The statistical power of sensitivity refers to the validation of the accuracy of a classifier, which can be Logistic, SVM, Random Forest, etc. Sensitivity is basically Predicted True Events/Total Events. True events are the ones that  are true and also predicted as true by the model.

 20.What is the meaning of correlation and covariance in statistics?

Ans: Both correlation and covariance are basically two concepts of mathematics that  are widely used in statistics. They not only help in establishing the relations between two random variables but also help in measuring the dependency between the two. Although the work between these two mathematical terms is similar, they are quite different from each other.

  • Correlation: It is considered as the best technique for measurement and also for estimation of the quantitative relationship between the two variables. Correlation measures how efficiently two variables are related.
  • Covariance: In this, two terms vary together, and it is a measure which shows the extent to which two random variables can change in cycle. It forms a statistical relationship between a pair of random variables, where any change is one variable reciprocates by a corresponding change in another variable.

 21.What is the meaning of correlation and covariance in statistics?

Ans: Both correlation and covariance are basically two concepts of mathematics that  are widely used in statistics. They not only help in establishing the relations between two random variables but also help in measuring the dependency between the two. Although the work between these two mathematical terms is similar, they are quite different from each other.

  • Correlation: It is considered as the best technique for measurement and also for estimation of the quantitative relationship between the two variables. Correlation measures how efficiently two variables are related.
  • Covariance: In this, two terms vary together, and it is a measure which shows the extent to which two random variables can change in cycle. It forms a statistical relationship between a pair of random variables, where any change is one variable reciprocates by a corresponding change in another variable.

22.What is the meaning of six sigma in statistics?

Ans: Six sigma is a quality assurance methodology used widely in statistics to provide ways to improve processes and functionality when working with data.

A process is considered as six sigma when 99.99966% of the outcomes of the model are considered to be defect-free.

23. What is DOE?

Ans: DOE is an acronym for the design of experiments in statistics. It is considered as the design of a task that describes the information and the change of the same based on the changes to the independent input variables.

24. What is the meaning of KPI in statistics?

Ans: KPI stands for key performance analysis in statistics. It is used as a reliable metric to measure the success of a company with respect to its achieving the required business objectives.

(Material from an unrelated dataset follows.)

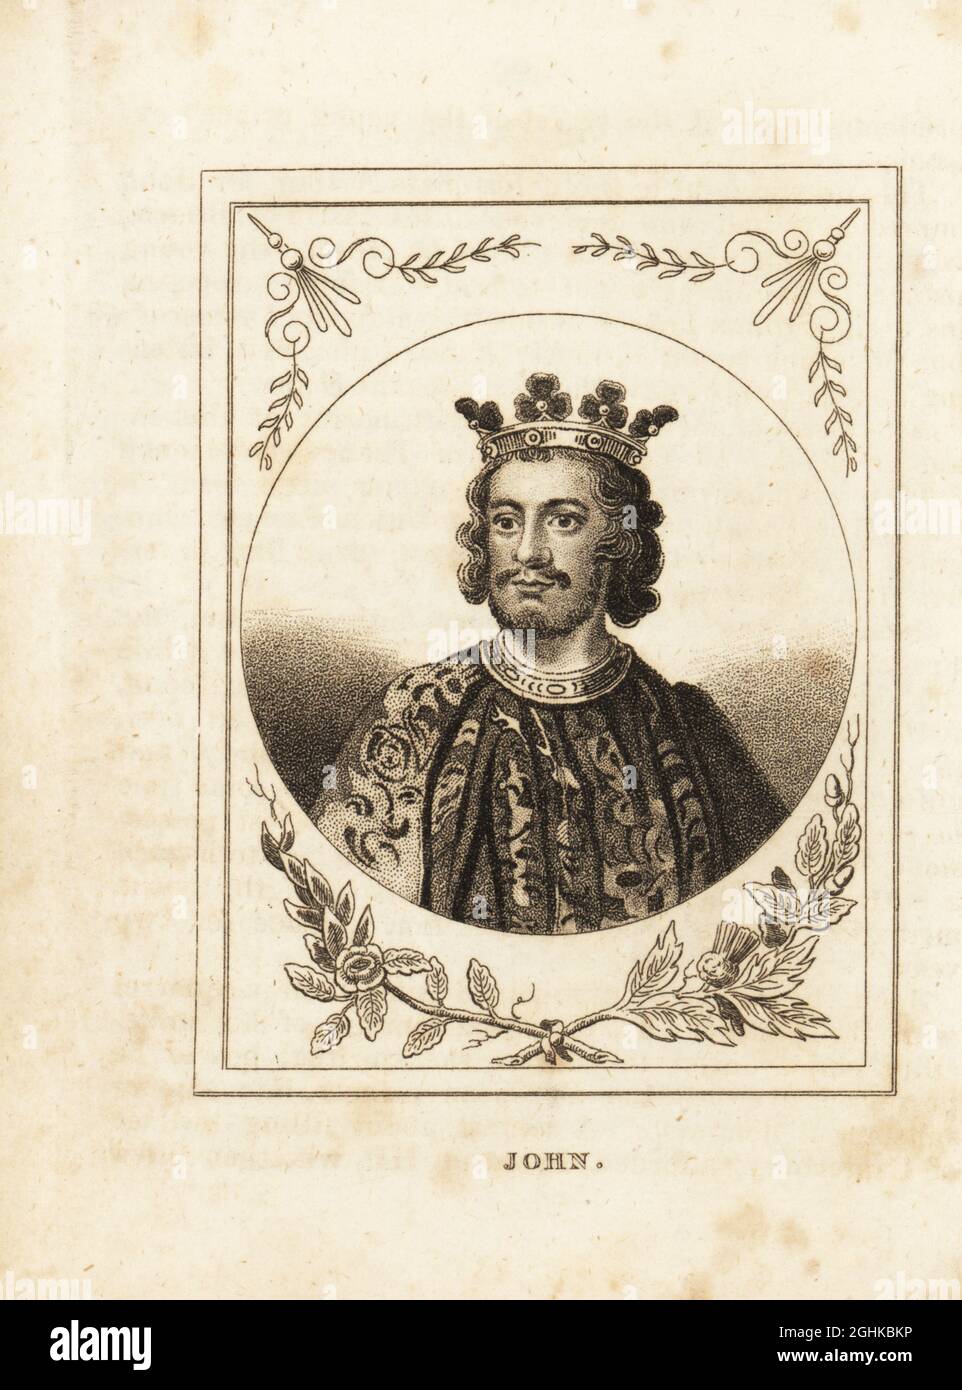 Portrait of King John of England, reigned 1199-1216. In crown, collar and armorial robe. Copperplate engraving from M. A. Jones’ History of England from Julius Caesar to George IV, G. Virtue, 26 Ivy Lane, London, 1836. Stock Photo

There are many good examples of KPIs:

  • Profit margin percentage
  • Operating profit margin
  • Expense ratio

25.What is the meaning of the five-number summary in statistics?

Ans: The five-number summary is a measure of five entities that cover the entire range of data as shown below:

  • Low extreme (Min)
  • First quartile (Q1)
  • Median
  • Upper quartile (Q3)
  • High extreme (Max)

Next up on this top Statistics Interview Questions and answers blog, let us take a look at the intermediate set of questions.

26.What are the types of sampling in statistics?

Ans: There are four main types of data sampling as shown below:

  • Simple random: Pure random division
  • Cluster: Population divided into clusters
  • Stratified: Data divided into unique groups
  • Systematical: Picks up every ‘n’ members in the data

27.What are the various branches of statistics?

Ans: Statistics have two main branches, namely:

  • Descriptive Statistics: This usually summarizes the data from the sample by making use of an index like mean or standard deviation. The methods which are used in the descriptive statistics are displaying, organizing, and describing the data.
  • Inferential Statistics: These conclude from data which are subject to random variations like observation mistakes and other sample variation.